What to do |
Write the data out in full and word for word. Do not include images.

The data |
★ ★ ★ ★ ★ ★ ★

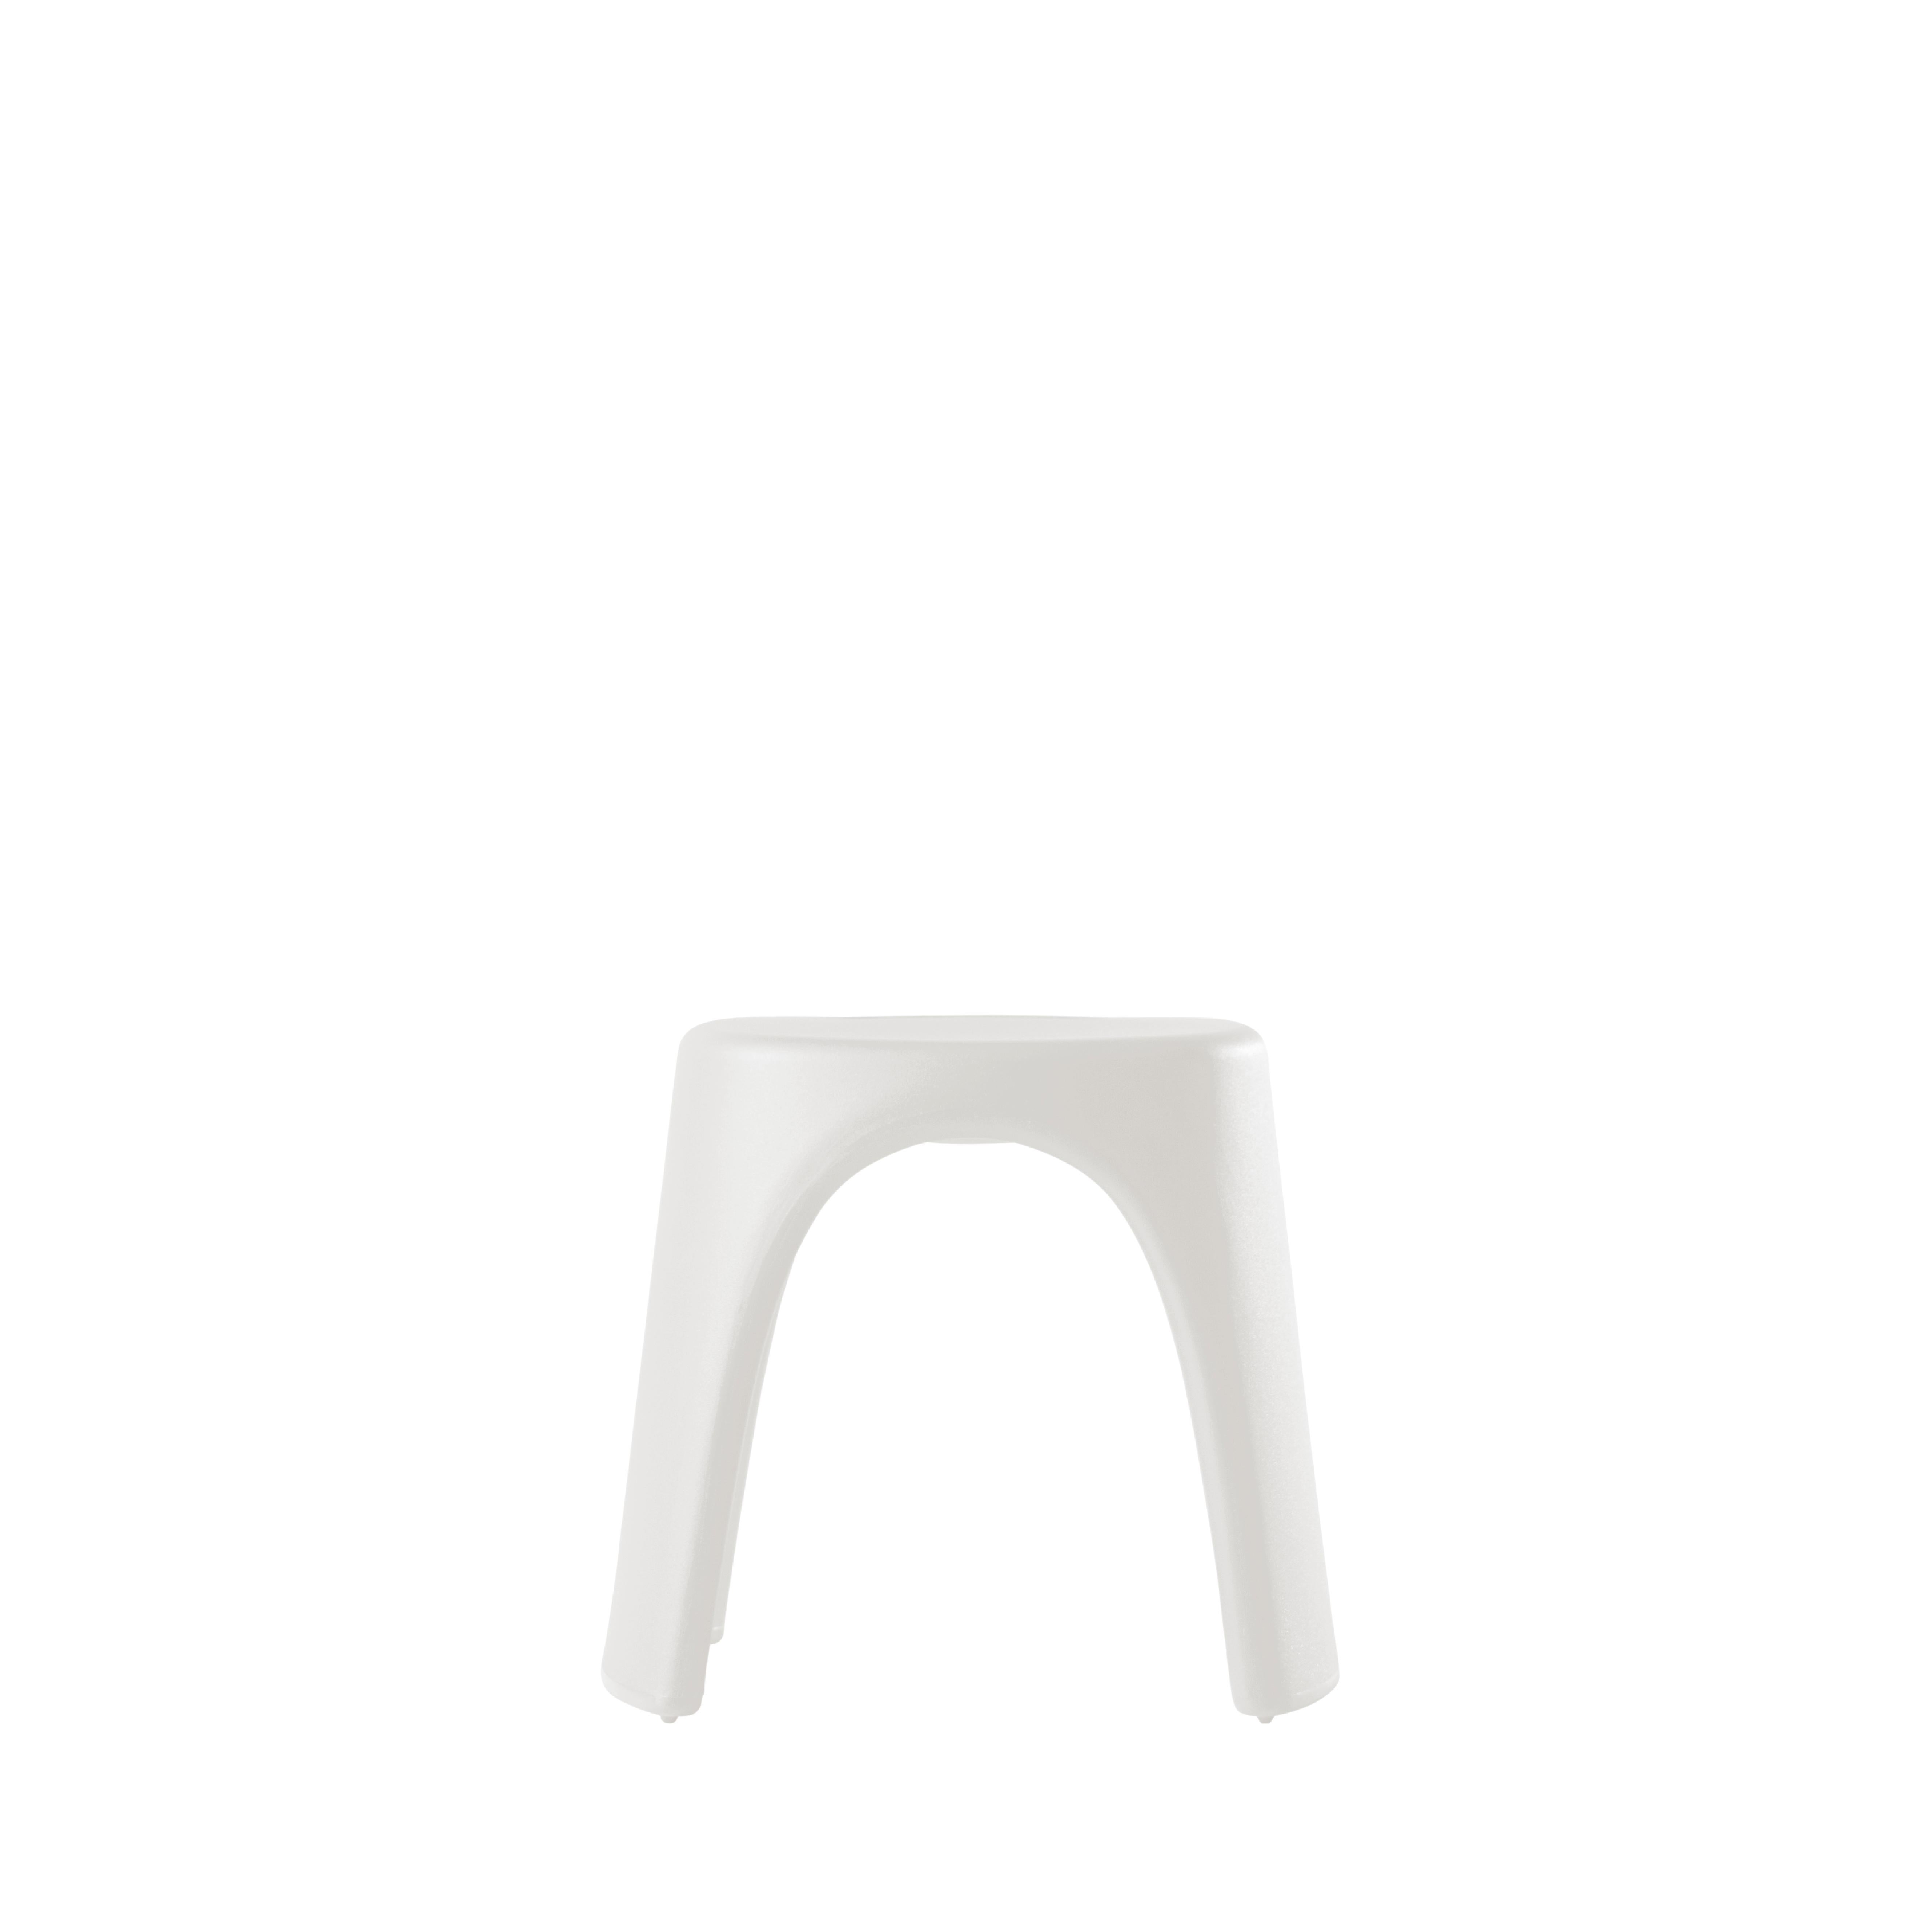 Elephant Grey Amélie Sgabello Stool by Italo Pertichini
Dimensions: D 40 x W 46 x H 43 cm.
Materials: Polyethylene.
Weight: 4 kg.

Available in a standard version and lacquered version. Prices may vary. Available in different color options. This
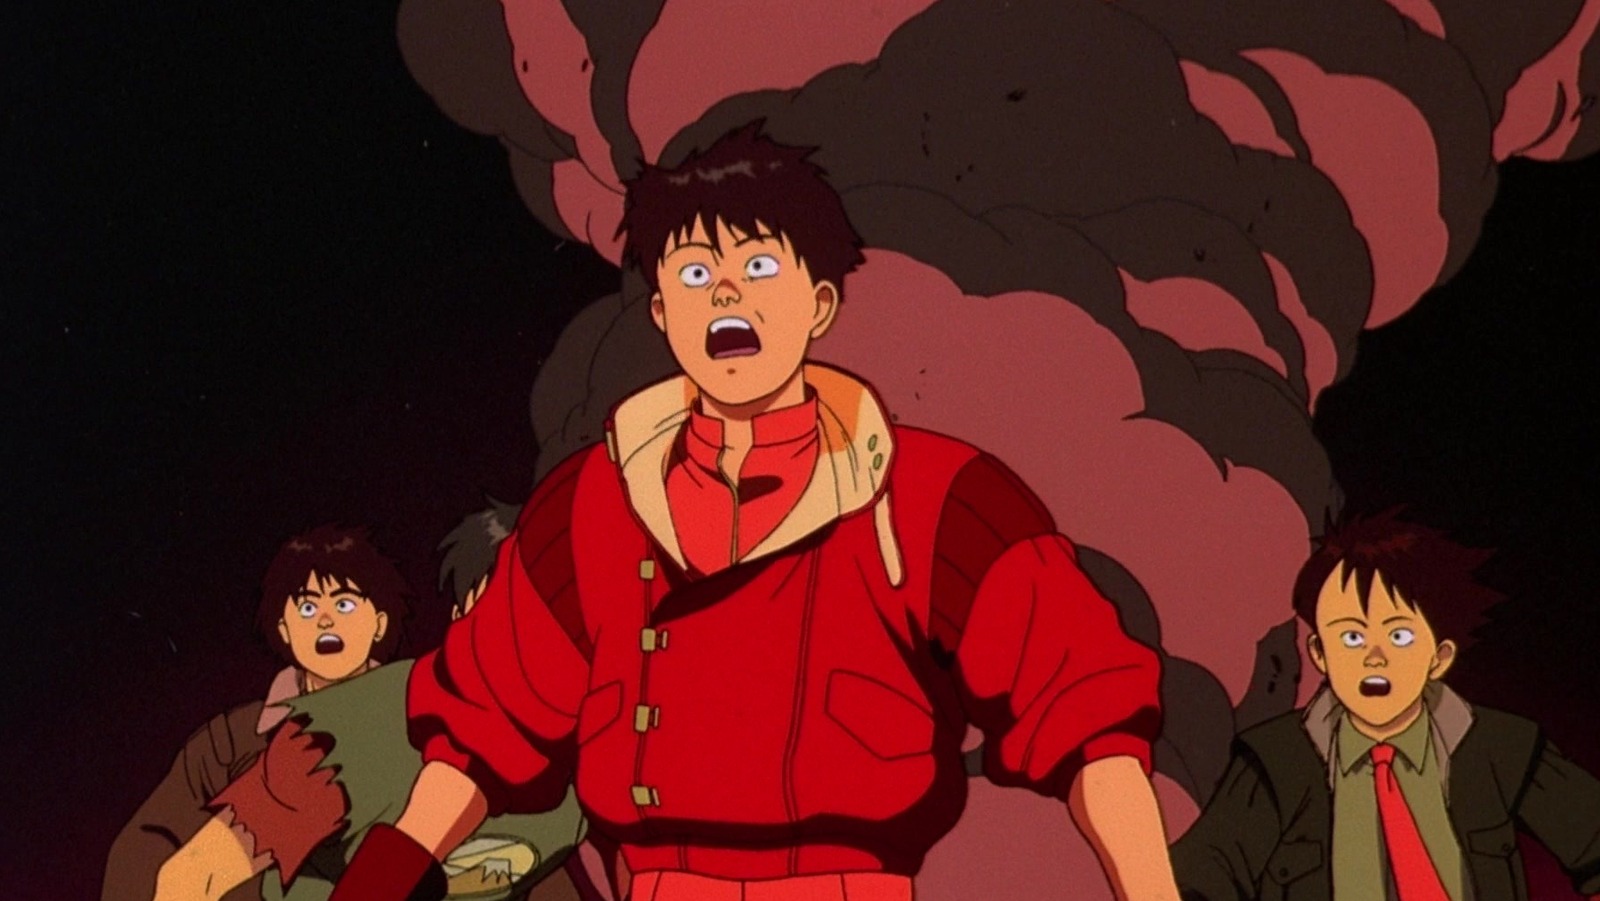 Small Details You May Have Missed In Akira

★ ★ ★ ★ ★ ★ ★

Answer space |
 Elephant Grey Amélie Sgabello Stool by Italo Pertichini
Dimensions: D 40 x W 46 x H 43 cm.
Materials: Polyethylene.
Weight: 4 kg.

Available in a standard version and lacquered version. Prices may vary. Available in different color options. This
 Small Details You May Have Missed In Akira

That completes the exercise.